[Start of Attachment]
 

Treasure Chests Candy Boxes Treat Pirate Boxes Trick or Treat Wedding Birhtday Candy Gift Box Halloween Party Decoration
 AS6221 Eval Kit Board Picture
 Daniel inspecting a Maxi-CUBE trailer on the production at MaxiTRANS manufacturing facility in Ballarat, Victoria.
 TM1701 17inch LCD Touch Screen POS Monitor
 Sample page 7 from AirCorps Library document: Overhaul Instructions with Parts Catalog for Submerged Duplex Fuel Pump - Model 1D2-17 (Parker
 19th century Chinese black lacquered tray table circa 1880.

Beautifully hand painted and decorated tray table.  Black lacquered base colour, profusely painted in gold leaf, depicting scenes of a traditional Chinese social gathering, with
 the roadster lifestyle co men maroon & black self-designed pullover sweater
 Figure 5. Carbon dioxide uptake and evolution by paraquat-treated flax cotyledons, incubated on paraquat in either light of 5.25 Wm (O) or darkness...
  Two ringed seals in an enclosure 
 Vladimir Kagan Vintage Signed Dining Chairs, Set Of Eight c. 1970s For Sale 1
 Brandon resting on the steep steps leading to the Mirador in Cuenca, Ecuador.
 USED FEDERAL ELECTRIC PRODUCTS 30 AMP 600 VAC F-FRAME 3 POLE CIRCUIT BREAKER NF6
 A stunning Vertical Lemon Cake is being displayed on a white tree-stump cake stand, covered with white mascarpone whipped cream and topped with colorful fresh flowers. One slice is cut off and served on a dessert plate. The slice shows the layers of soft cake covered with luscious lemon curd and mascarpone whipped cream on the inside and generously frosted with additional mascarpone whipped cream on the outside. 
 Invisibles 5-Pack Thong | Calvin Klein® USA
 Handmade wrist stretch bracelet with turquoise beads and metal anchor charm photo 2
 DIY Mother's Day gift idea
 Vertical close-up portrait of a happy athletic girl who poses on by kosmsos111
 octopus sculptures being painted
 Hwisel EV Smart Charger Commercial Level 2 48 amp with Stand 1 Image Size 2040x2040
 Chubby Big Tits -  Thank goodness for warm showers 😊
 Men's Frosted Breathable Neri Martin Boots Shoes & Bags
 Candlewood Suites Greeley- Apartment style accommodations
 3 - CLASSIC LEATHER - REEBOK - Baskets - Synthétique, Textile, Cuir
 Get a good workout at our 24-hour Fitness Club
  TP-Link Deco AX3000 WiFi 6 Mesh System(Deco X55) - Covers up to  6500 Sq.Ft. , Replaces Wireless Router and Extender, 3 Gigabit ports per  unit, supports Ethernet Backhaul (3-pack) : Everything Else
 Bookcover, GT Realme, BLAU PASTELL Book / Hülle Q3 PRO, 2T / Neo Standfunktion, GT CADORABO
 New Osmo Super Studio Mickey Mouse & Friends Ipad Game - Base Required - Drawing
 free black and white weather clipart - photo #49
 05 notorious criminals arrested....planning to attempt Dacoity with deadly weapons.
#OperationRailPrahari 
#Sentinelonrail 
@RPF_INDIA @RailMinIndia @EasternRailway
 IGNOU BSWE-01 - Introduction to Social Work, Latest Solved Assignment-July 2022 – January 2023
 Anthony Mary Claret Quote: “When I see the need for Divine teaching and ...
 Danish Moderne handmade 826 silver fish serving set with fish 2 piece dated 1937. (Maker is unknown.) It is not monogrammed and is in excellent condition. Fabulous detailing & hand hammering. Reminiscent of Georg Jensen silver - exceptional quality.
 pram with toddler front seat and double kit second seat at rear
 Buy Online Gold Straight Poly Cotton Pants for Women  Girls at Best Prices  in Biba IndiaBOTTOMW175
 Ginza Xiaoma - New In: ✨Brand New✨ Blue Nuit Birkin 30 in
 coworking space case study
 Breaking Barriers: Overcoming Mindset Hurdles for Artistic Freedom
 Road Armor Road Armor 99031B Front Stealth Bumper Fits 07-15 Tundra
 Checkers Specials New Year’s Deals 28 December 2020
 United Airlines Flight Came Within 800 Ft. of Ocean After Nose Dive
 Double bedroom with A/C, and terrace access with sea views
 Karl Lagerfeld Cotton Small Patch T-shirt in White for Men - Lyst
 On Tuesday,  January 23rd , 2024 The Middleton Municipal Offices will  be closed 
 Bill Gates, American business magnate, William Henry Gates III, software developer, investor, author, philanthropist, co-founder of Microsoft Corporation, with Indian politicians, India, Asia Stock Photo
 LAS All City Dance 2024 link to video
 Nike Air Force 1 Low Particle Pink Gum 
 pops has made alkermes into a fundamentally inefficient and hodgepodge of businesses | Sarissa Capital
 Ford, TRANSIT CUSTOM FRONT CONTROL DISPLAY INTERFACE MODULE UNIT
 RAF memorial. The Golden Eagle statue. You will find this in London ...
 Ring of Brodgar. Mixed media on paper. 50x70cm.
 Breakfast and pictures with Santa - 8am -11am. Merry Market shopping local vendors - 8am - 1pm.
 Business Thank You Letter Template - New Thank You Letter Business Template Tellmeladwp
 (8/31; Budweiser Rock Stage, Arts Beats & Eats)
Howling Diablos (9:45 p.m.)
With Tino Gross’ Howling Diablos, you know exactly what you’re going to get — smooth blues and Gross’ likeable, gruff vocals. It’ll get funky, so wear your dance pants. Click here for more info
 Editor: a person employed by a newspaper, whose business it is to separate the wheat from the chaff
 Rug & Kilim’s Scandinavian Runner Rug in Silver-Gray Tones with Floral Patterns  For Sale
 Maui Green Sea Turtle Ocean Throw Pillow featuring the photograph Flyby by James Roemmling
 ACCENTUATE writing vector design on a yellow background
[End of Attachment]
▸ Assignment: Look above for the line holding "coworking space case study", then set down exactly that line and every line after it up to and including the line holding "Howling Diablos (9:45 p.m.)", with nothing else.

▸ Solution to the problem:
 coworking space case study
 Breaking Barriers: Overcoming Mindset Hurdles for Artistic Freedom
 Road Armor Road Armor 99031B Front Stealth Bumper Fits 07-15 Tundra
 Checkers Specials New Year’s Deals 28 December 2020
 United Airlines Flight Came Within 800 Ft. of Ocean After Nose Dive
 Double bedroom with A/C, and terrace access with sea views
 Karl Lagerfeld Cotton Small Patch T-shirt in White for Men - Lyst
 On Tuesday,  January 23rd , 2024 The Middleton Municipal Offices will  be closed 
 Bill Gates, American business magnate, William Henry Gates III, software developer, investor, author, philanthropist, co-founder of Microsoft Corporation, with Indian politicians, India, Asia Stock Photo
 LAS All City Dance 2024 link to video
 Nike Air Force 1 Low Particle Pink Gum 
 pops has made alkermes into a fundamentally inefficient and hodgepodge of businesses | Sarissa Capital
 Ford, TRANSIT CUSTOM FRONT CONTROL DISPLAY INTERFACE MODULE UNIT
 RAF memorial. The Golden Eagle statue. You will find this in London ...
 Ring of Brodgar. Mixed media on paper. 50x70cm.
 Breakfast and pictures with Santa - 8am -11am. Merry Market shopping local vendors - 8am - 1pm.
 Business Thank You Letter Template - New Thank You Letter Business Template Tellmeladwp
 (8/31; Budweiser Rock Stage, Arts Beats & Eats)
Howling Diablos (9:45 p.m.)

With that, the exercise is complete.